When it comes to delicious comfort food, there’s really not much we can think of that beats a good stroganoff – especially when all you need to cook it is a single skillet! One of our favorite parts about this dish is the addition of snow peas, which sneak in the refreshing crunch of a healthy veggie. (The kids even loved it!) This is truly one of the best stroganoff recipes we’ve found because it’s everything we love – fast, yummy and requires very little clean-up. On a night when you don’t want to spend too much time in the kitchen slaving over a meal, but you want to satiate your craving for a belly full of home cooked goodness, we’ve got your answer. This easy meal can be whipped up in under 30 minutes! How awesome is that?!
30 minutes to prepare serves 4-6
- 1 pound boneless skinless chicken breasts, cut into 1/2 inch cubes
- 12 ounces (1 bag) wide egg noodles or green ribbon pasta
- 1 small yellow onion, finely chopped
- 1 cup crimini mushrooms, sliced
- 1/2 cup snow peas
- 1 cup chicken broth
- 1/2 cup half and half
- 1/2 cup sour cream or plain Greek yogurt
- 1 tablespoon worcestershire sauce
- 2 tablespoons Dijon mustard
- 2 tablespoons all-purpose flour
- 1 tablespoon olive oil
- 1 tablespoon butter
- 1 teaspoon paprika
- salt and pepper to taste
- Cook noodles according to package directions, drain and set aside.

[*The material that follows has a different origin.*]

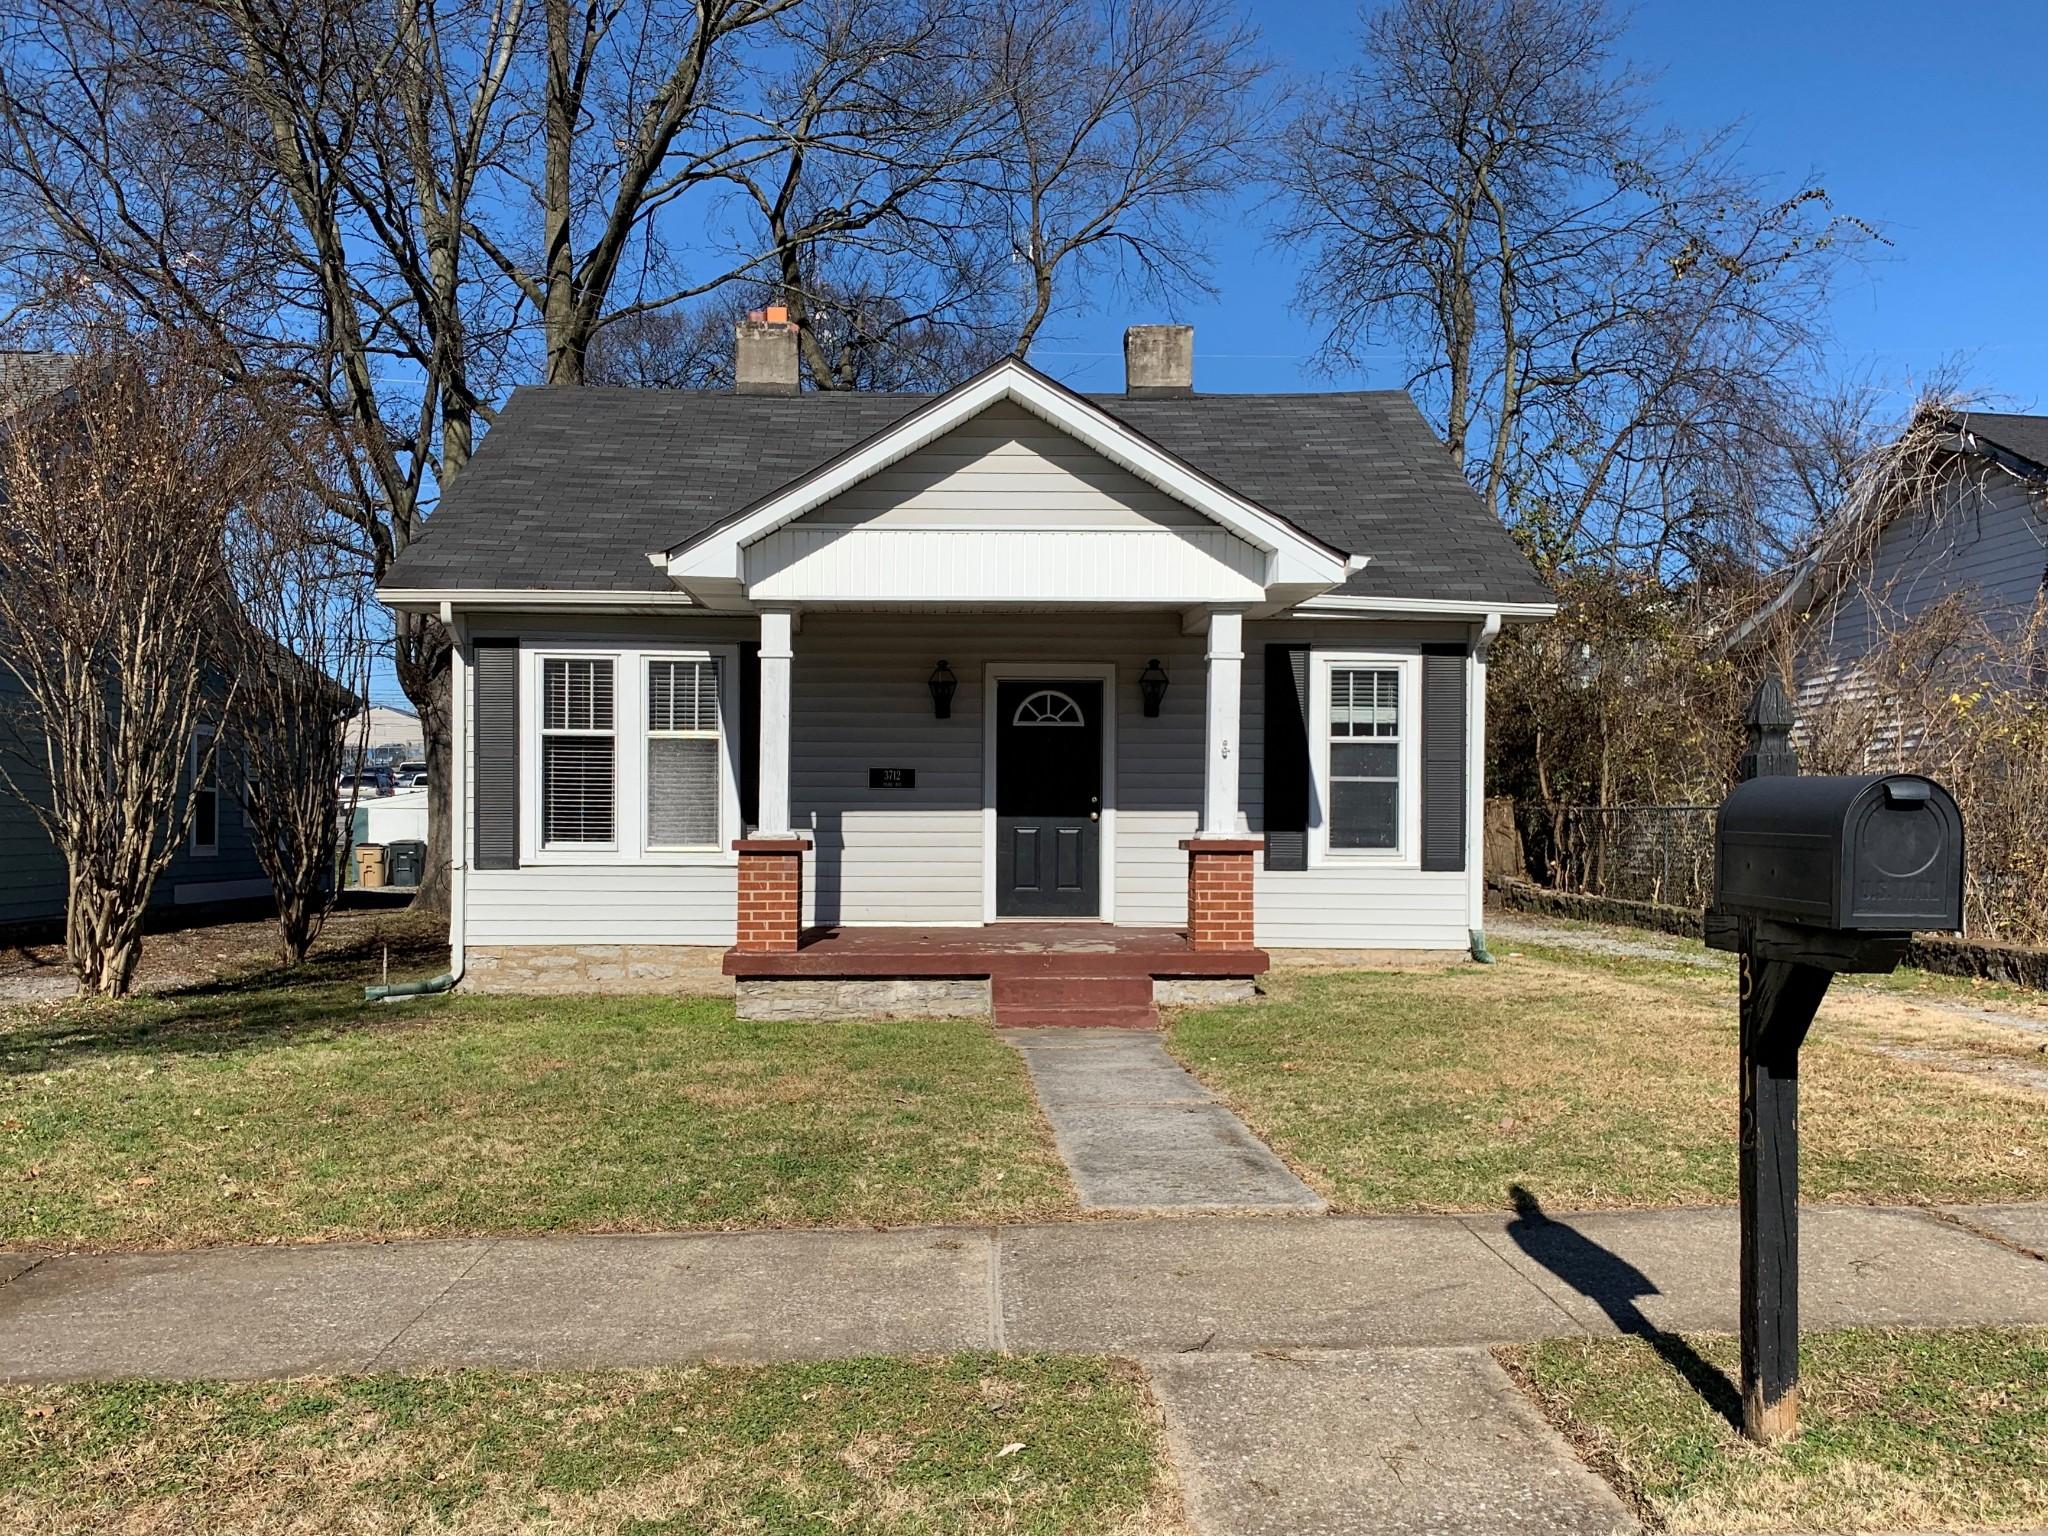 3712 Park Ave, Nashville, TN 37209 - Nashville, TN real estate listing

- Heat olive oil in a large skillet over medium high heat. Add mushrooms, onions and snow peas and sauté for 4-6 minutes, until tender. Transfer to a small bowl and set aside.
- In the same skillet, melt butter over medium-high heat. Add chicken and cook for 5-7 minutes, until no longer pink.
- To make a roux, whisk in flour then add half and half, chicken broth, Dijon mustard and worcestershire sauce. Continue to whisk until smooth. Bring to a simmer and cook 4-6 minutes, until sauce begins to thicken.
- Add mushrooms, onions and snow peas back into the pan and reduce heat to low. Stir in sour cream or plain Greek yogurt and add paprika, salt and pepper.
- Serve over egg noodles or green ribbon pasta and enjoy!